Nicholas Ray’s Born to Be Bad is a great noir-inflected women’s picture, but in culling its background details for this article, I discovered that it was based on a book called All Kneeling, and the film’s failure to reuse that title instantly lowered it in my estimation. We could have had it all.
Born to Be Bad stars Joan Fontaine as Christabel Caine, a name that suggests her parents did indeed know she was born to be bad and decided just to lean into it. Christabel’s specialty, the movie gradually reveals, is faking sweetness and wide-eyed innocence while secretly–and often subtly–pulling strings to get exactly what she wants, whether that’s a party invitation or marriage to a wealthy man currently happily engaged to another woman. The film fills out its cast well with characters who respond to her act in different ways, from artist and society leech Gobby (Mel Ferrer) to the warm and sophisticated editor Donna (Joan Leslie) to the writer who is intrigued by Christabel’s hardheartedness (Robert Ryan). Christabel, a less ambitious and more clearly motivated Iago, comes into their midst and shakes everything up until it falls in her favor.
If this were a tragedy, Christabel’s tragic flaw would be that she’s led as much by emotion as by ambition. She lets at least one prize start to slip from her hand because once she has it, she can’t be bothered to put in the maintenance effort to make it seem like she still wants it. She needs to stay married to the rich, kind Curtis (Zachary Scott), but despite that, she dallies with writer Nick Bradley. He tells her that he’s the one she really loves, but the film seems decidedly unconvinced of that; it’s more likely that she’s just more attracted to him and he bores her less. Nick thinks he sees through Christabel’s machinations and loves her anyway–“I love you so much I wish I liked you”–but even he has a line, and as the movie progresses, he gets closer and closer to it. Born to Be Bad is the rise and fall of Christabel Caine’s perfect facade.
But what makes the film especially good is Ray’s cynicism. Christabel causes damage, some of which can’t be fixed, but ruining her name in New York doesn’t mean that she can’t just take her expensive fur coats and go to a different city and reinvent herself: this is America, where money will always talk. While the goodhearted Curtis and Donna get the most traditional happy ending, it’s Gobby who gets the ending itself.
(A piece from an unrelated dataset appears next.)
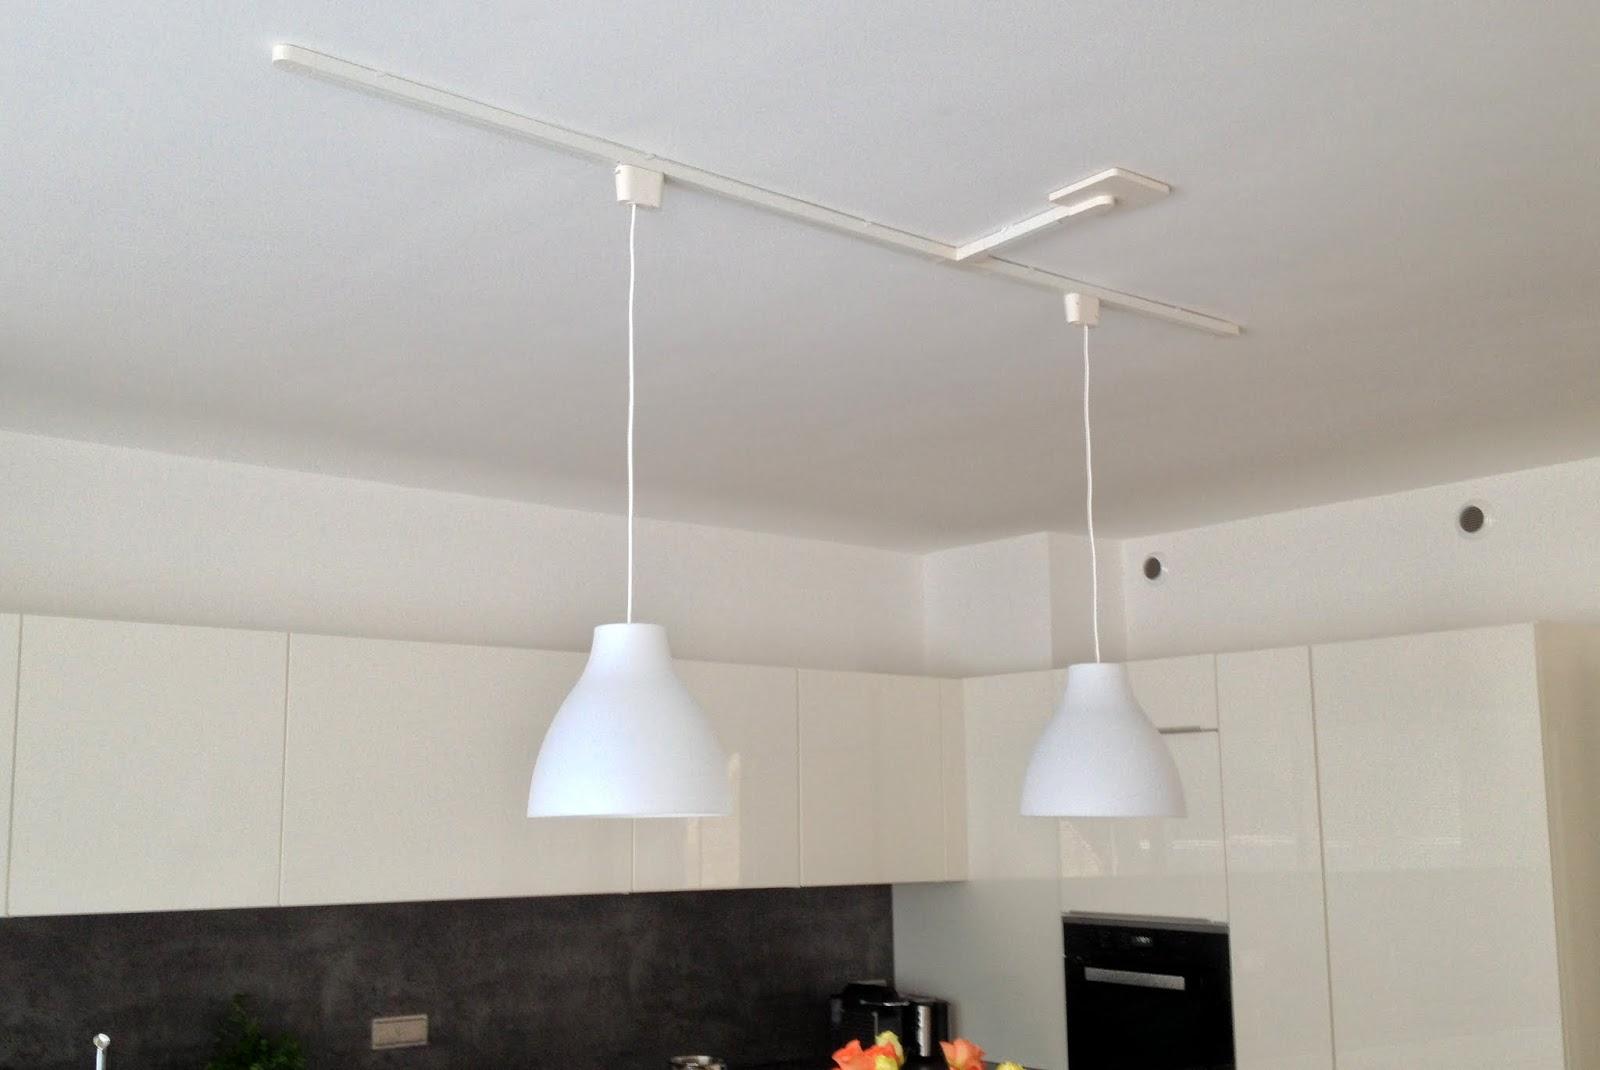 ikea 365 lichtleiste inkl lampen komplett 3 schienen kurven lampen top ebay. Black Bedroom Furniture Sets. Home Design Ideas
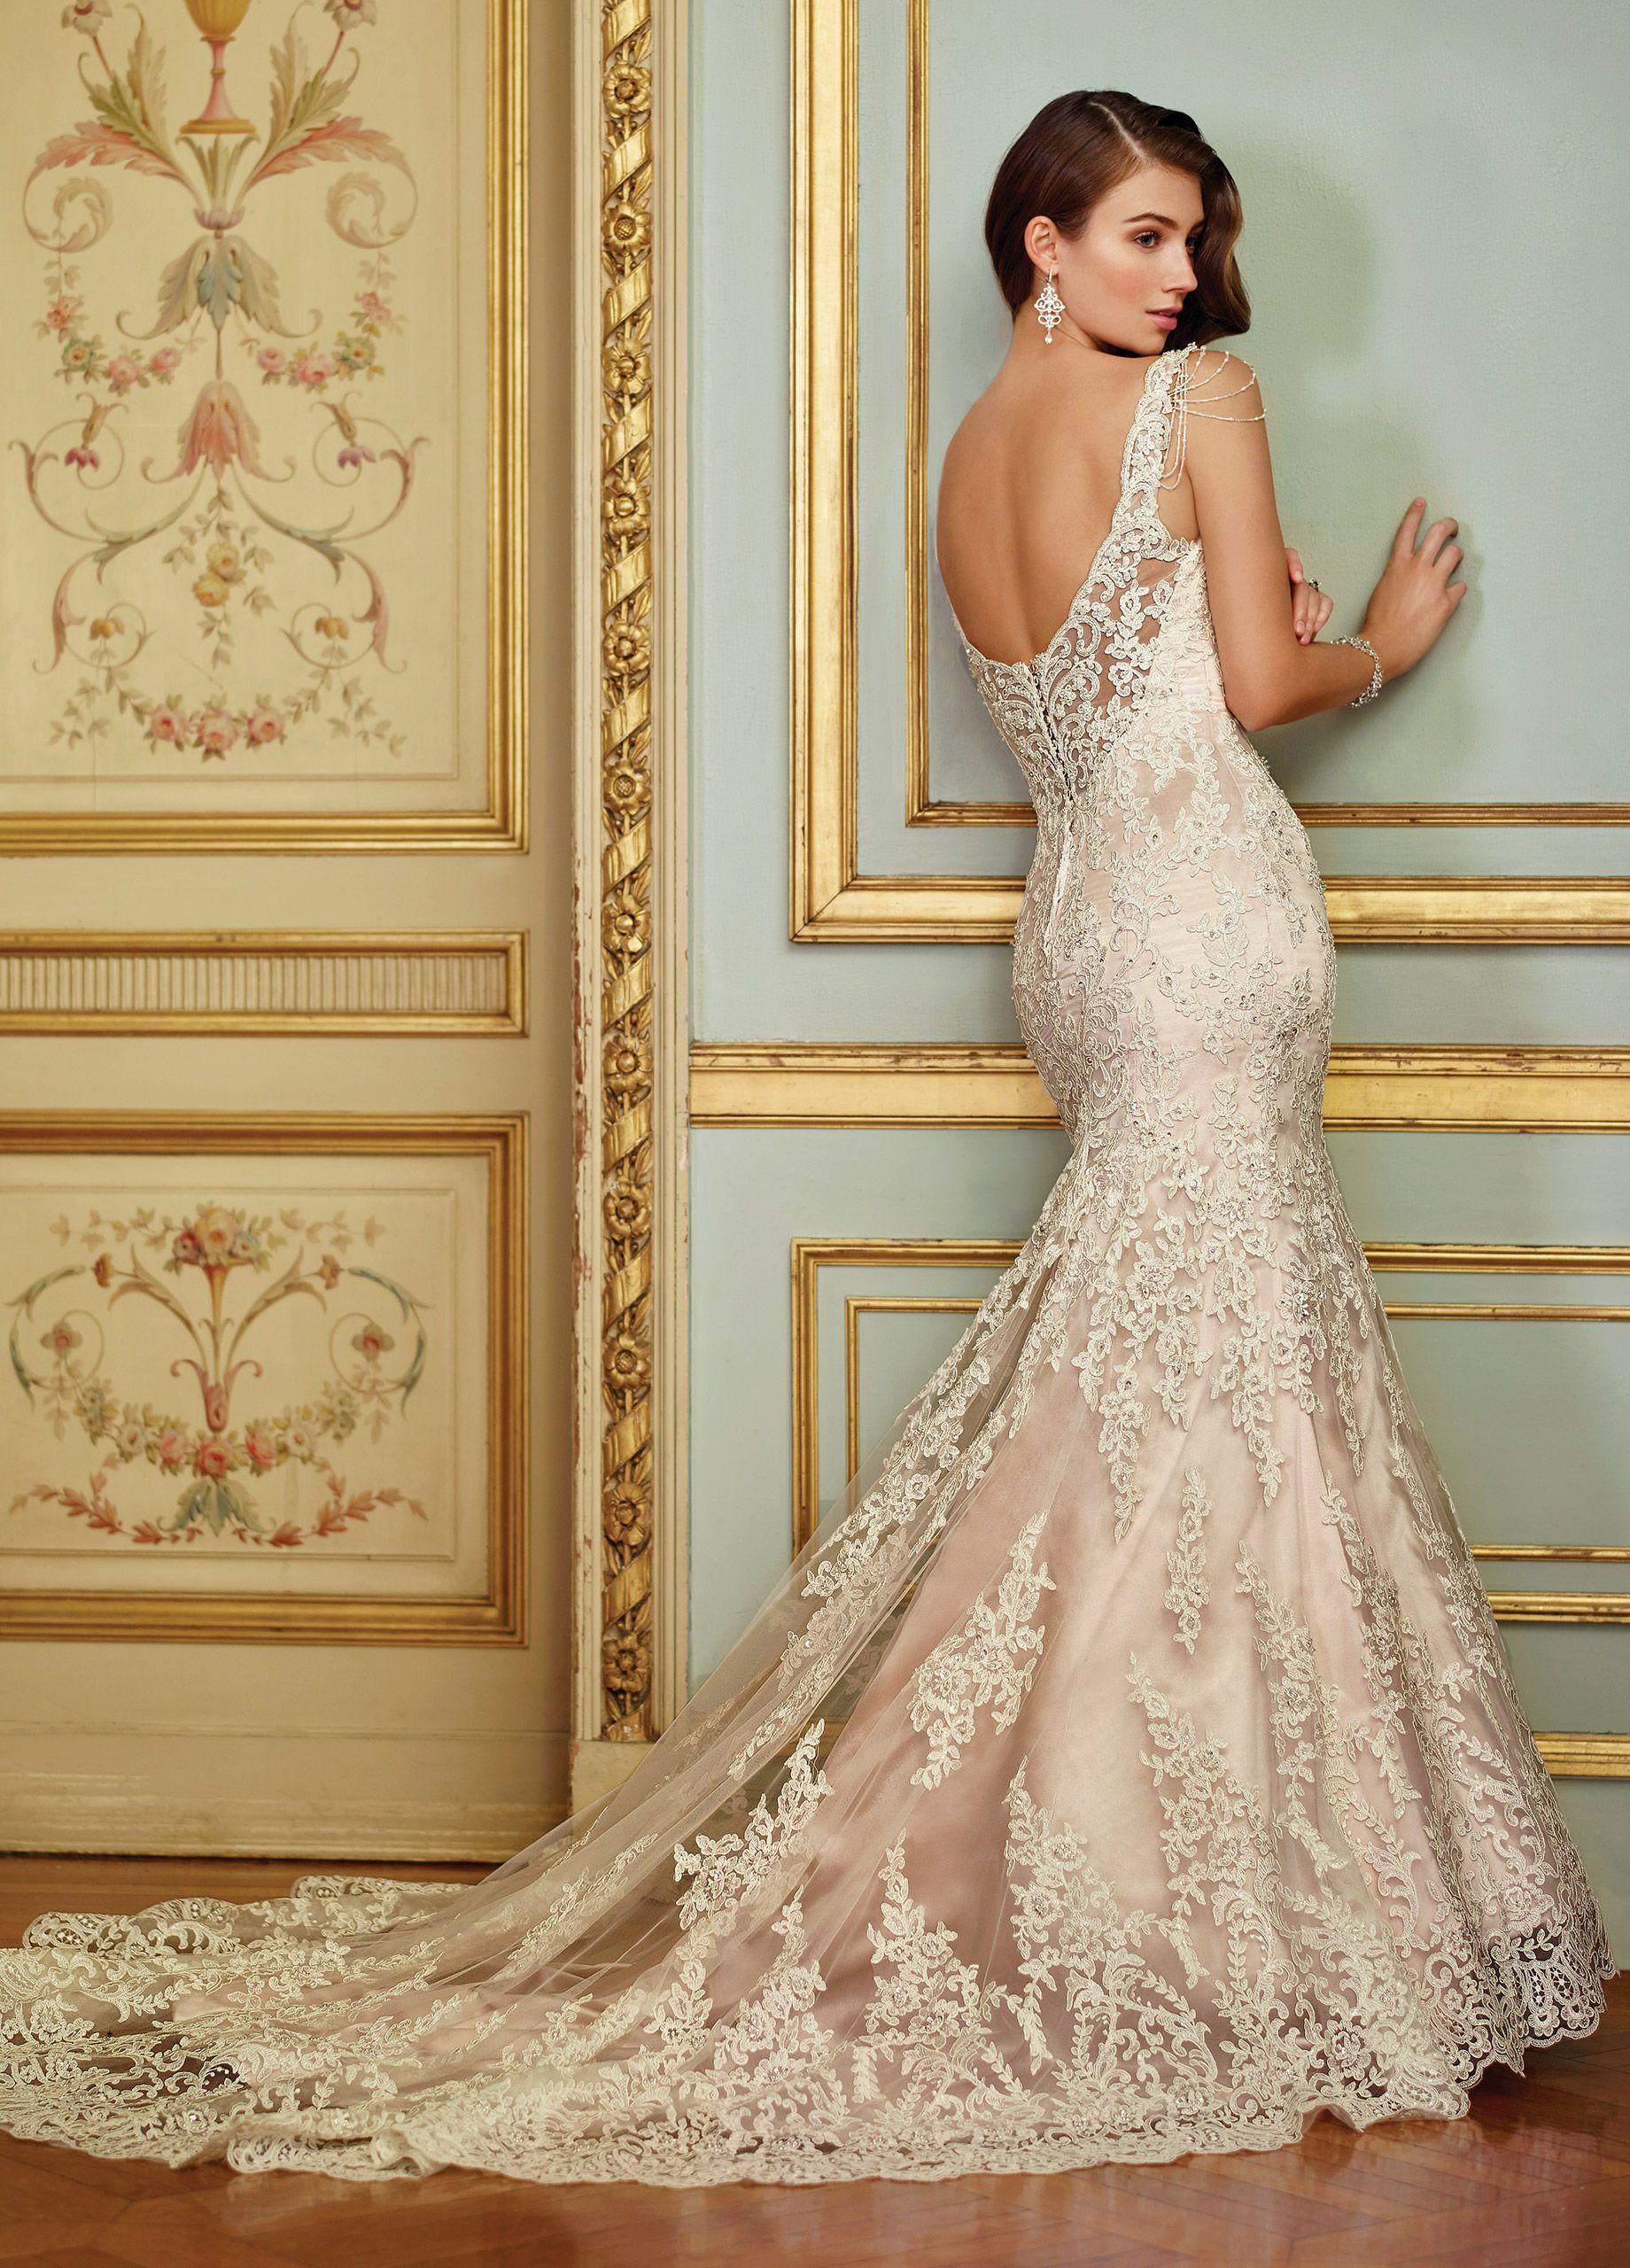 Vintage Lace & Beaded Trumpet Wedding Dress 117288 Ophira

And it’s Gobby who succeeds in being the most vivid character in the film. Gay, catty, and self-serving, he could easily be nothing but a stereotype–“My dear girl, apart from painting my major occupation is convincing women’s husbands that I’m harmless”–but Ferrer and Ray make him into something wry and eternal. He sees what Christabel is doing and allows her to cut a swathe through his social circle because, after all, there’s a chance it will benefit him… and at the end, he’s unpunished, trusted enough still to oversee Christabel’s departure and benefit from that, too. The movie ends with him delightedly marking up the price of Christabel’s portrait now that scandal has made it even more attractive. In the end, he’s not better than Christabel, he’s just wiser than she is. He knows to never do more harm than the people in power can live with, and that will keep him around forever.
Born to Be Bad is available on TCM Online.